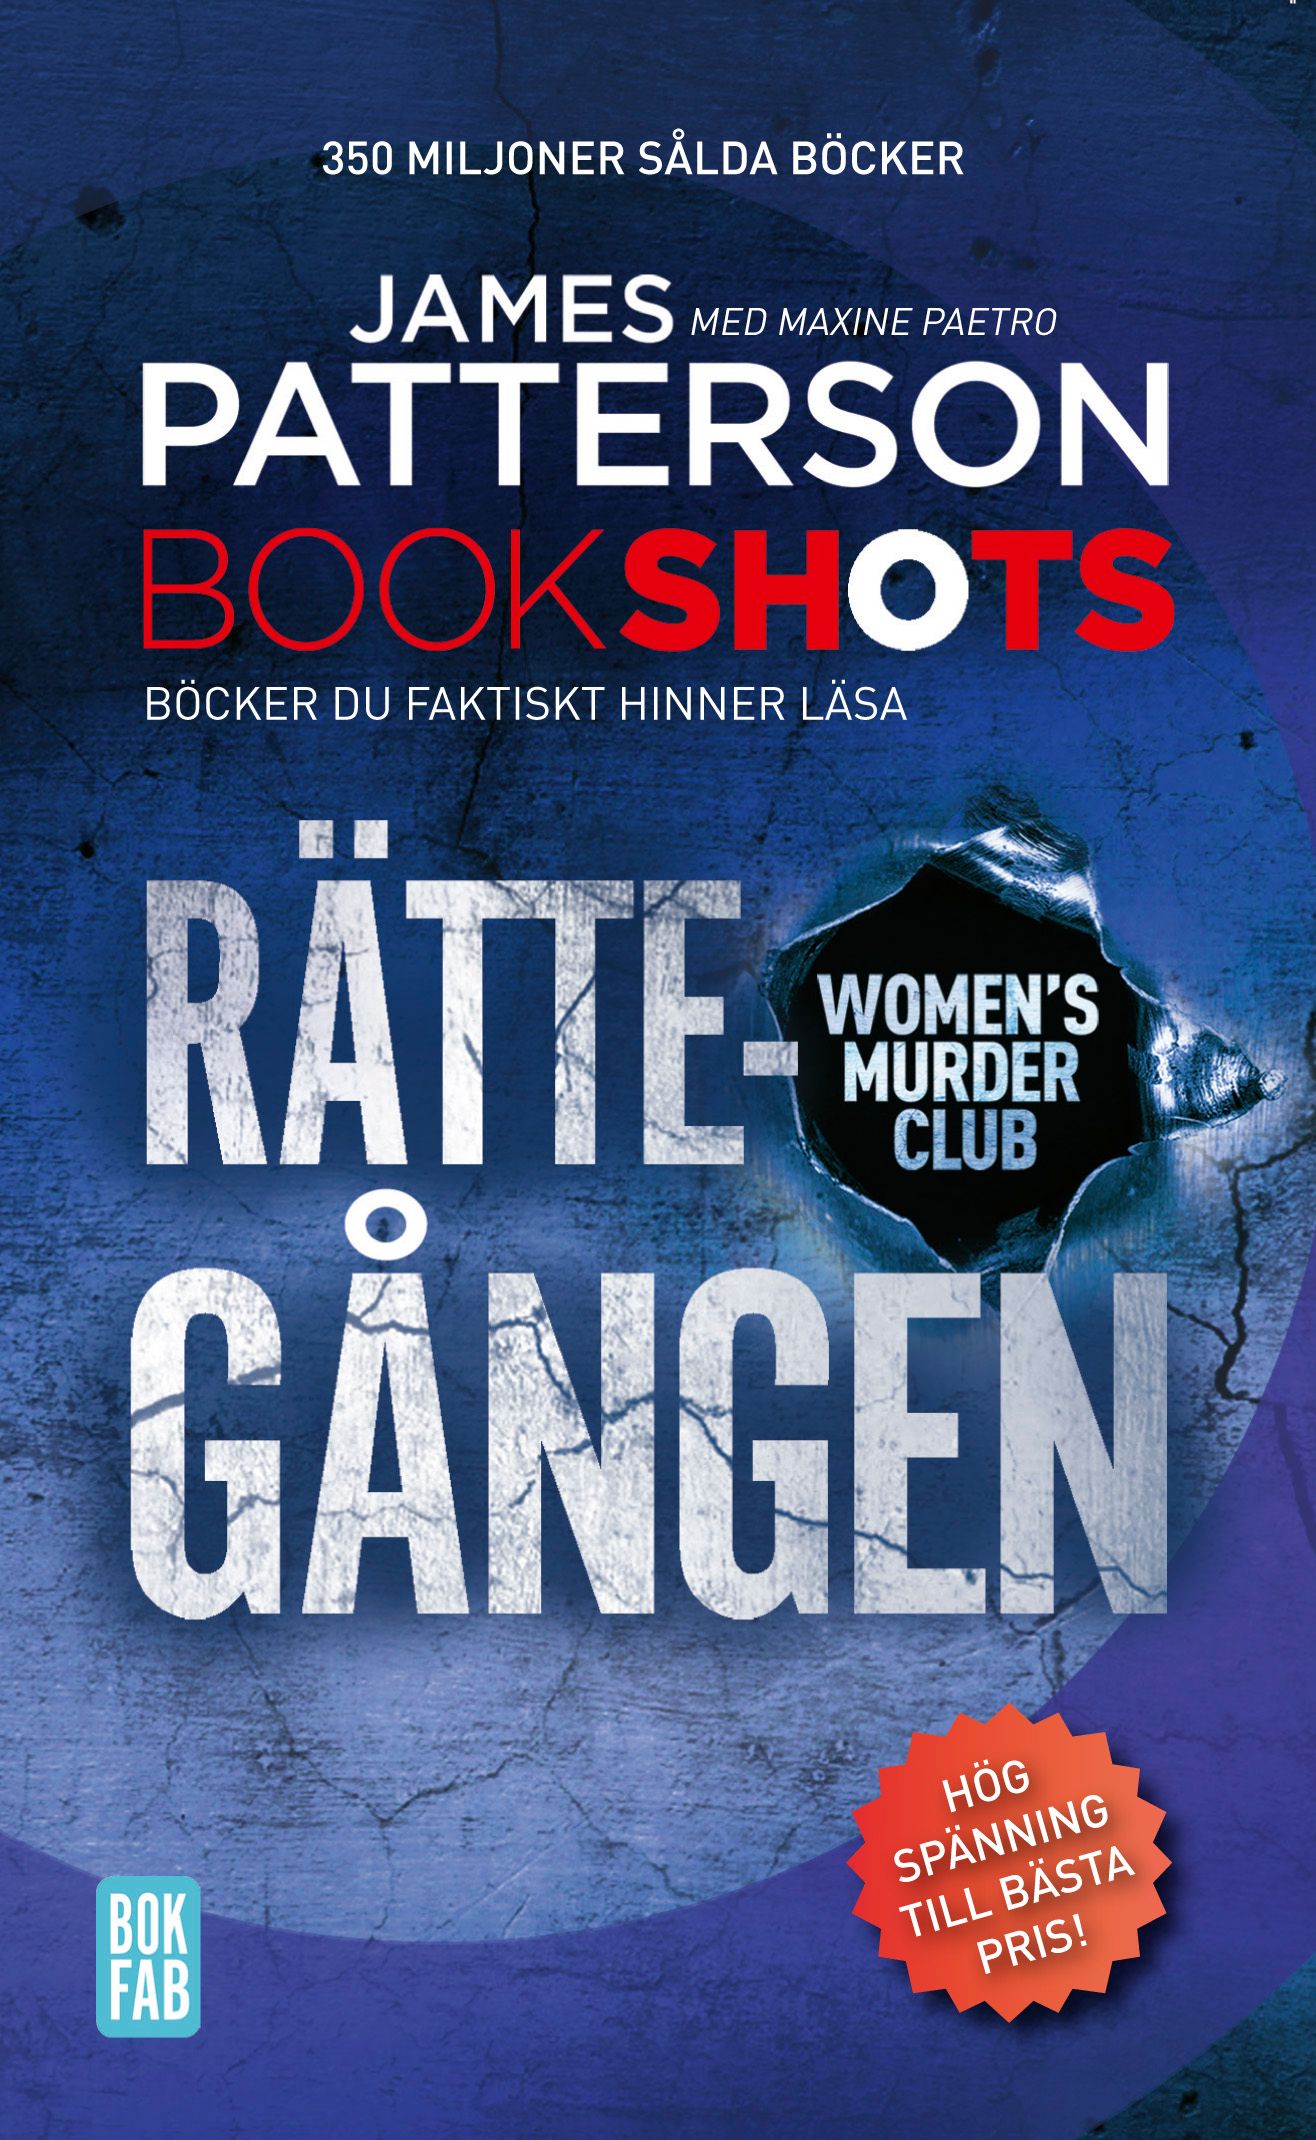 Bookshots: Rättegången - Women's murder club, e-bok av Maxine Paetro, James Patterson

---

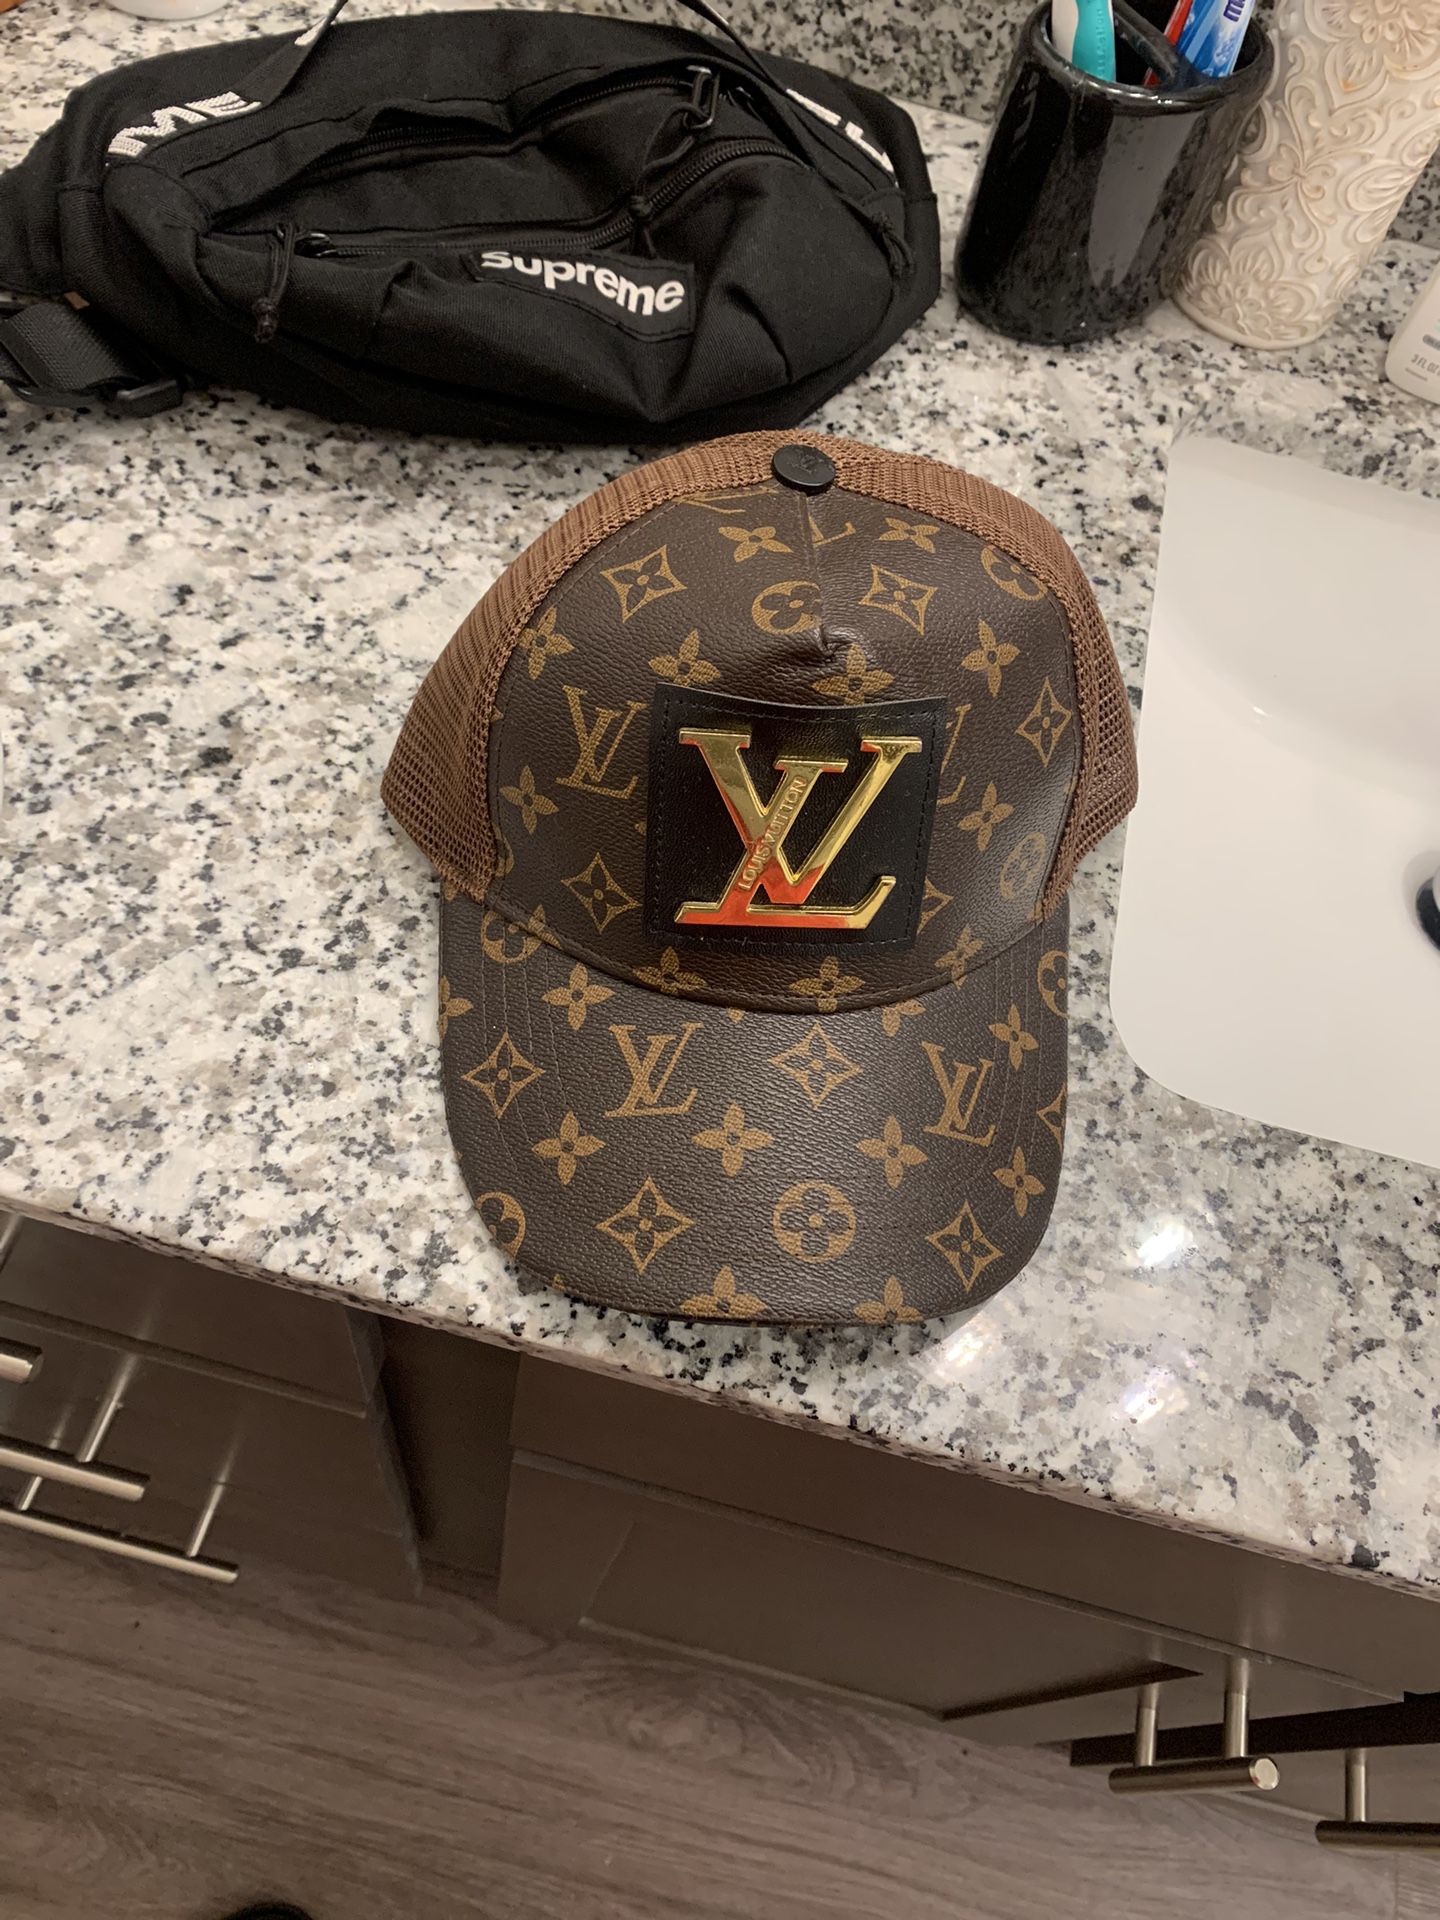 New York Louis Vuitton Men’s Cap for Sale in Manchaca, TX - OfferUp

...

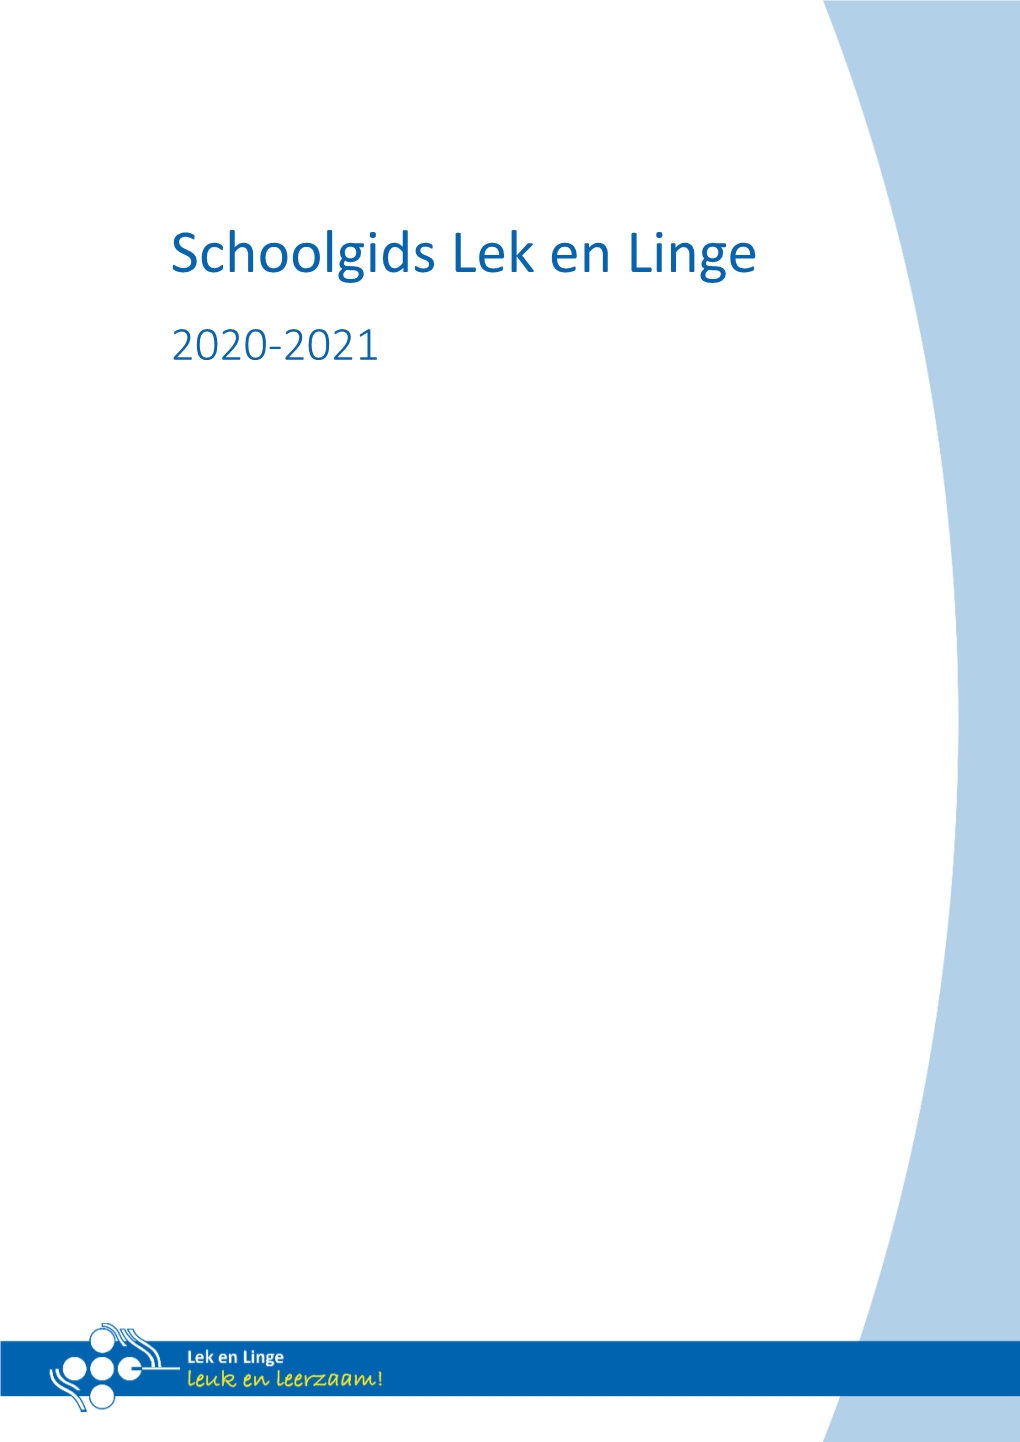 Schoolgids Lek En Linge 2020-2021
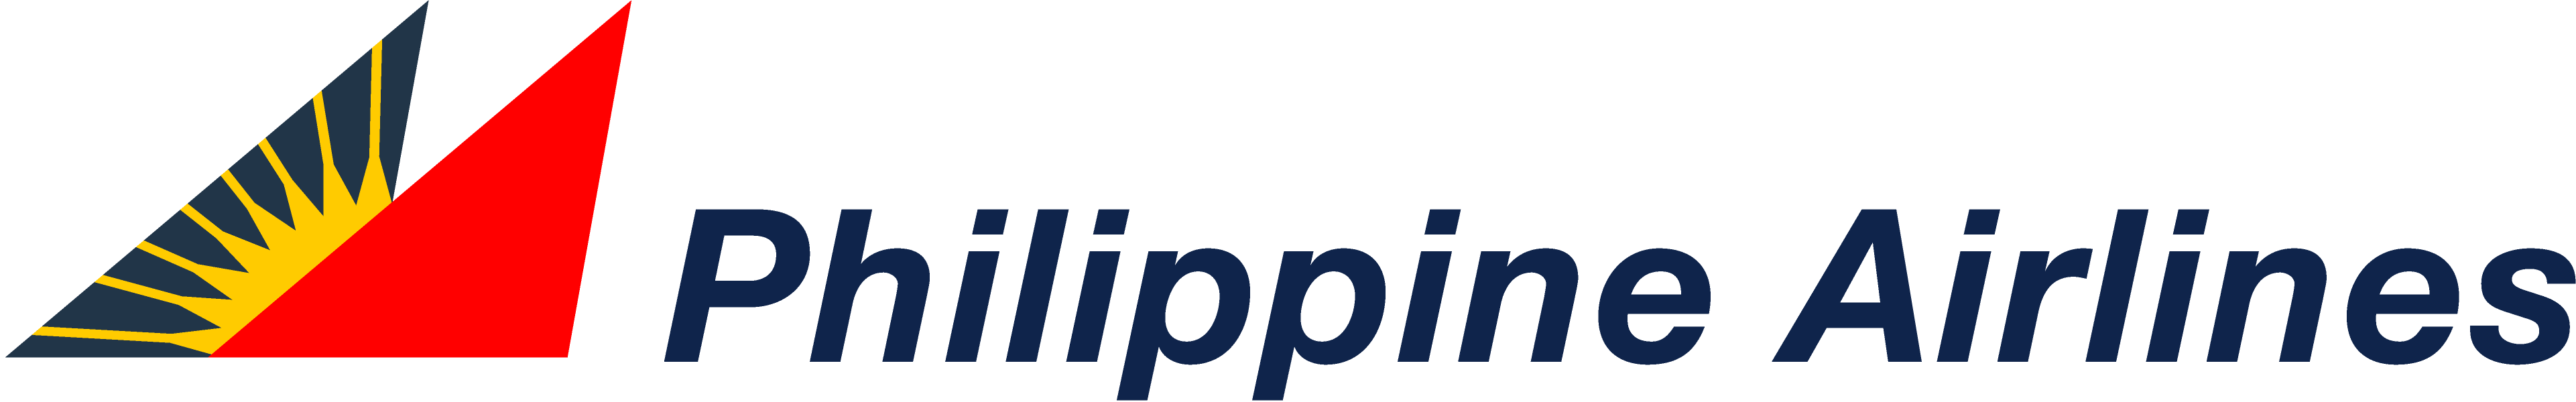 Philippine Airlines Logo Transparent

Exercise brief:
In the listing above, find the line with "Schoolgids Lek En Linge 2020-2021" and the line with "Philippine Airlines Logo Transparent". Set down both and every line between them, minus the pictures.

Exercise output:
 Schoolgids Lek En Linge 2020-2021
 Philippine Airlines Logo Transparent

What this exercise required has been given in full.